Pada saat melihat dunia ini, kita tidak ikut hanyut dan binasa karena kita mempunyai iman yang teguh, memegang Kristus yang tidak berubah dari kemarin, sekarang, sampai selamanya. Lalu kita mempunyai pengharapan akan apa yang Kristus janjikan pada kita. Jika Allah telah berjanji, maka kita berani berharap. Pengharapan kita adalah janji Tuhan yang tidak berubah. Beriman akan mengalahkan dunia. Berpengharapan akan melihat dan menikmati dunia yang akan datang. Tetapi kasih bukan hanya mengalahkan dunia, bukan melarikan diri dari bencana dunia, bukan hanya menang atas guncangan; kasih adalah berbalik masuk ke dalam dunia untuk menolong mereka. Banyak orang yang menjadi Kristen untuk dirinya sendiri. Ketika seseorang mendapat sesuatu dari Tuhan, mengorbankan dirinya kembali ke dunia untuk menolong orang yang jatuh dalam gelombang, dalam angin topan, dalam gempa bumi, barulah itu orang yang agung. Maka, ketika engkau memiliki iman, itu belum cukup. Ketika engkau memiliki pengharapan, itu juga belum cukup. Engkau harus memiliki kasih yang mau menolong orang lain. Iman dan pengharapan tetap ada unsur egoisnya. Saya beriman karena berfaedah bagi saya. Saya berpengharapan untuk mendapat sesuatu yang saya inginkan. Tetapi ketika saya memiliki kasih, saya bukan mengharapkan, bukan mendapatkan, tetapi menyerahkan, menyangkal, memberi dan mengorbankan diri, itulah kasih. Maka kasih lebih besar dari iman dan pengharapan.
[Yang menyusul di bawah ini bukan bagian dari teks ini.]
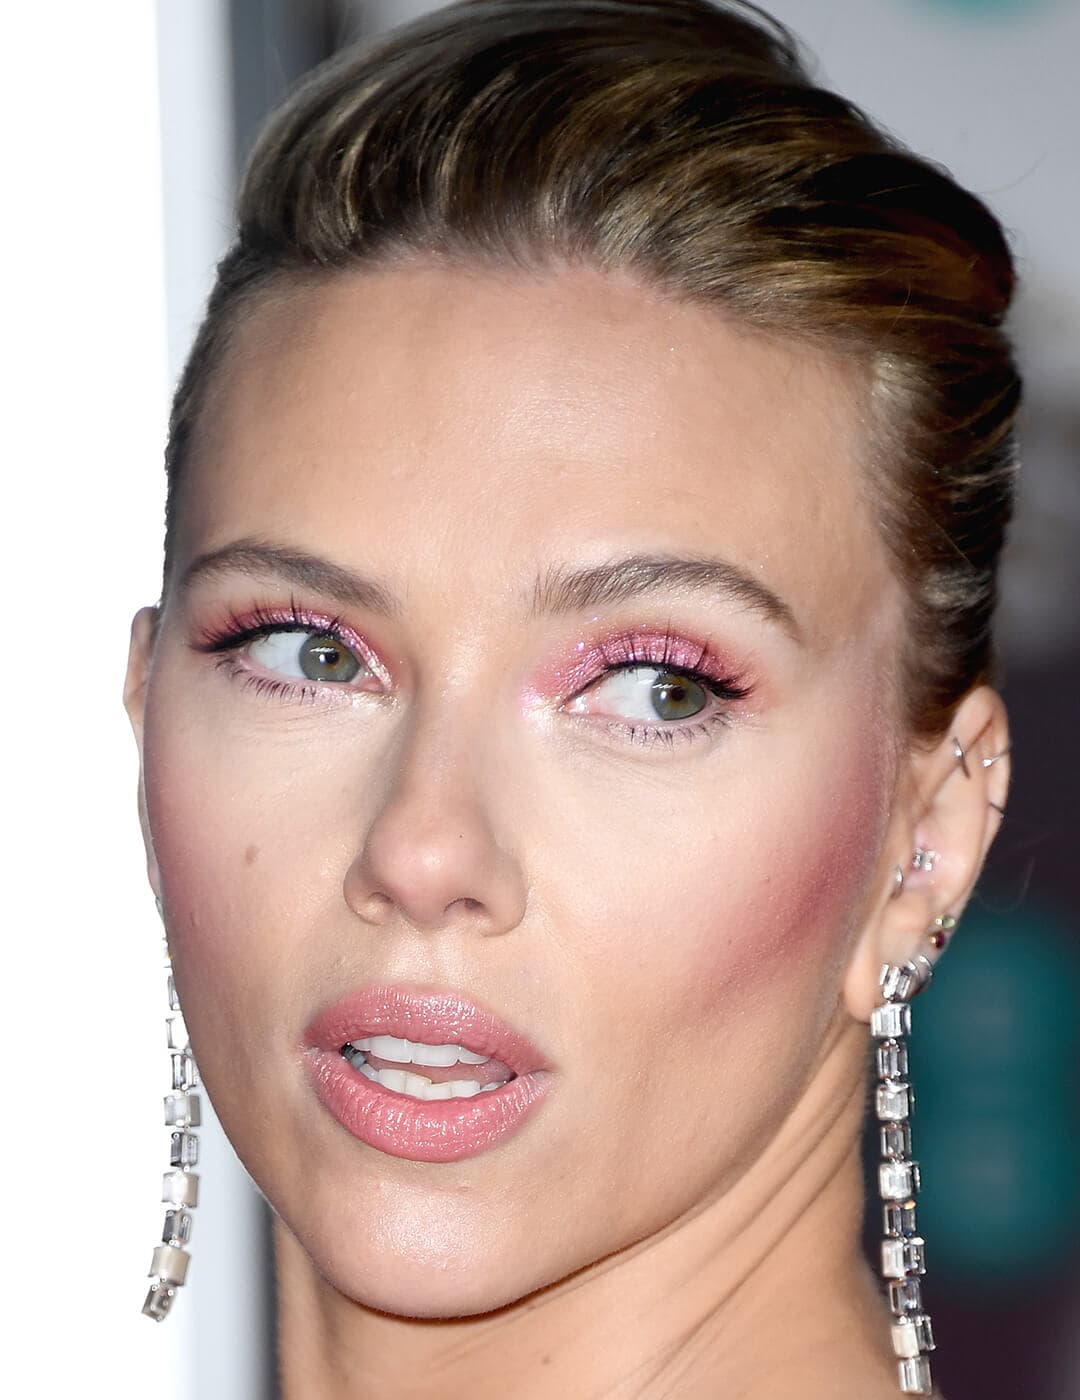 A photo of Scarlett Johansson with pink eyeshadow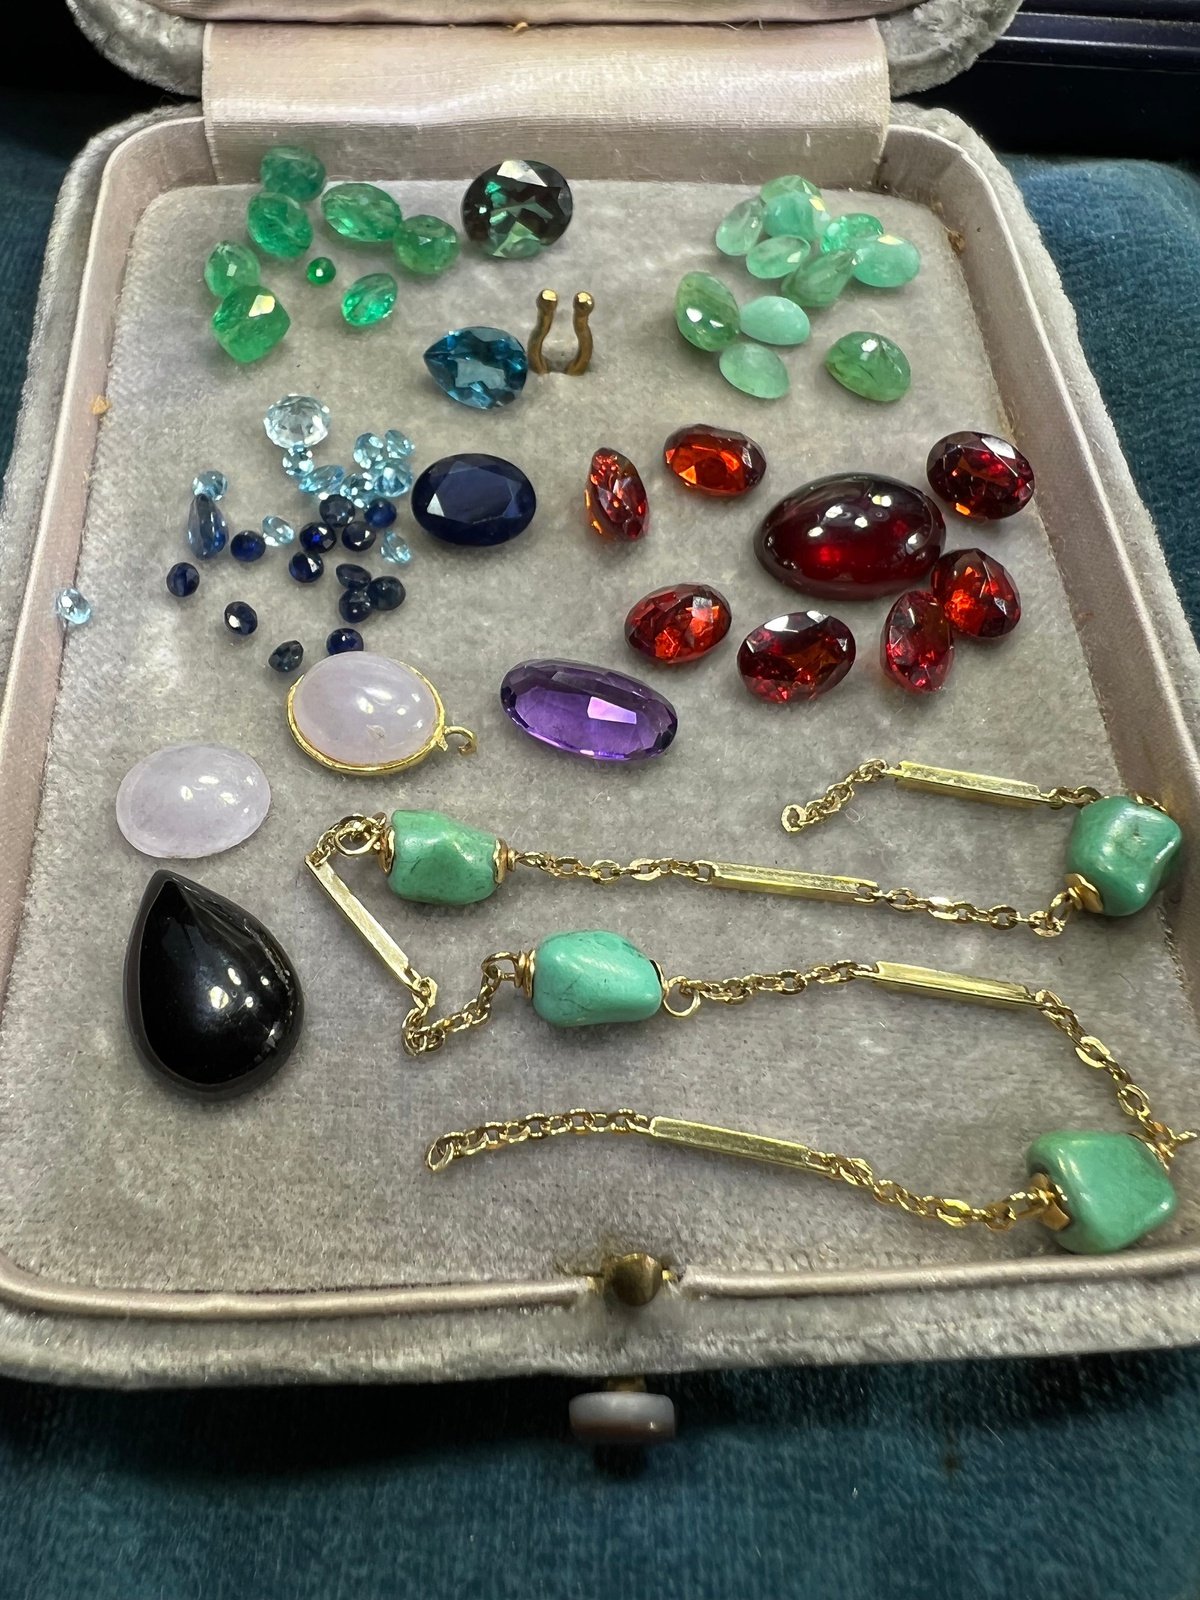 14g Loose Gemstones from 14k Jewelry. Sapphire Emerald Tourmaline

Tuhan bukan iman dan pengharapan. Tuhan adalah kasih. Itu sebabnya, Tuhan yang terbesar mengisi hati kita, dan kita bersama dengan Dia hidup di dalam kekekalan, hidup di dalam kasih, dan kasih yang mengorbankan diri, menyangkal diri, serta membagi diri menjadi berkat bagi orang lain.
Apakah hidupmu untuk dirimu sendiri? Atau hidupmu untuk orang lain? Apakah hidupmu adalah hidup yang berkorban? Atau hidupmu hanya serakah untuk memperoleh sesuatu? Ketika kita belajar dari firman Tuhan, pembelajaran kita tidak akan habis-habis, karena Alkitab sangat ajaib dan dalam. Saya sudah berkhotbah hampir 63 tahun, makin khotbah makin merasa kurang mengerti karena Alkitab terlalu agung, terlalu dalam, unlimited, infinite, dan tidak terbatas. Kiranya Tuhan memberkati kita untuk menjadi orang Kristen yang memiliki cinta Tuhan yang abadi. Amin.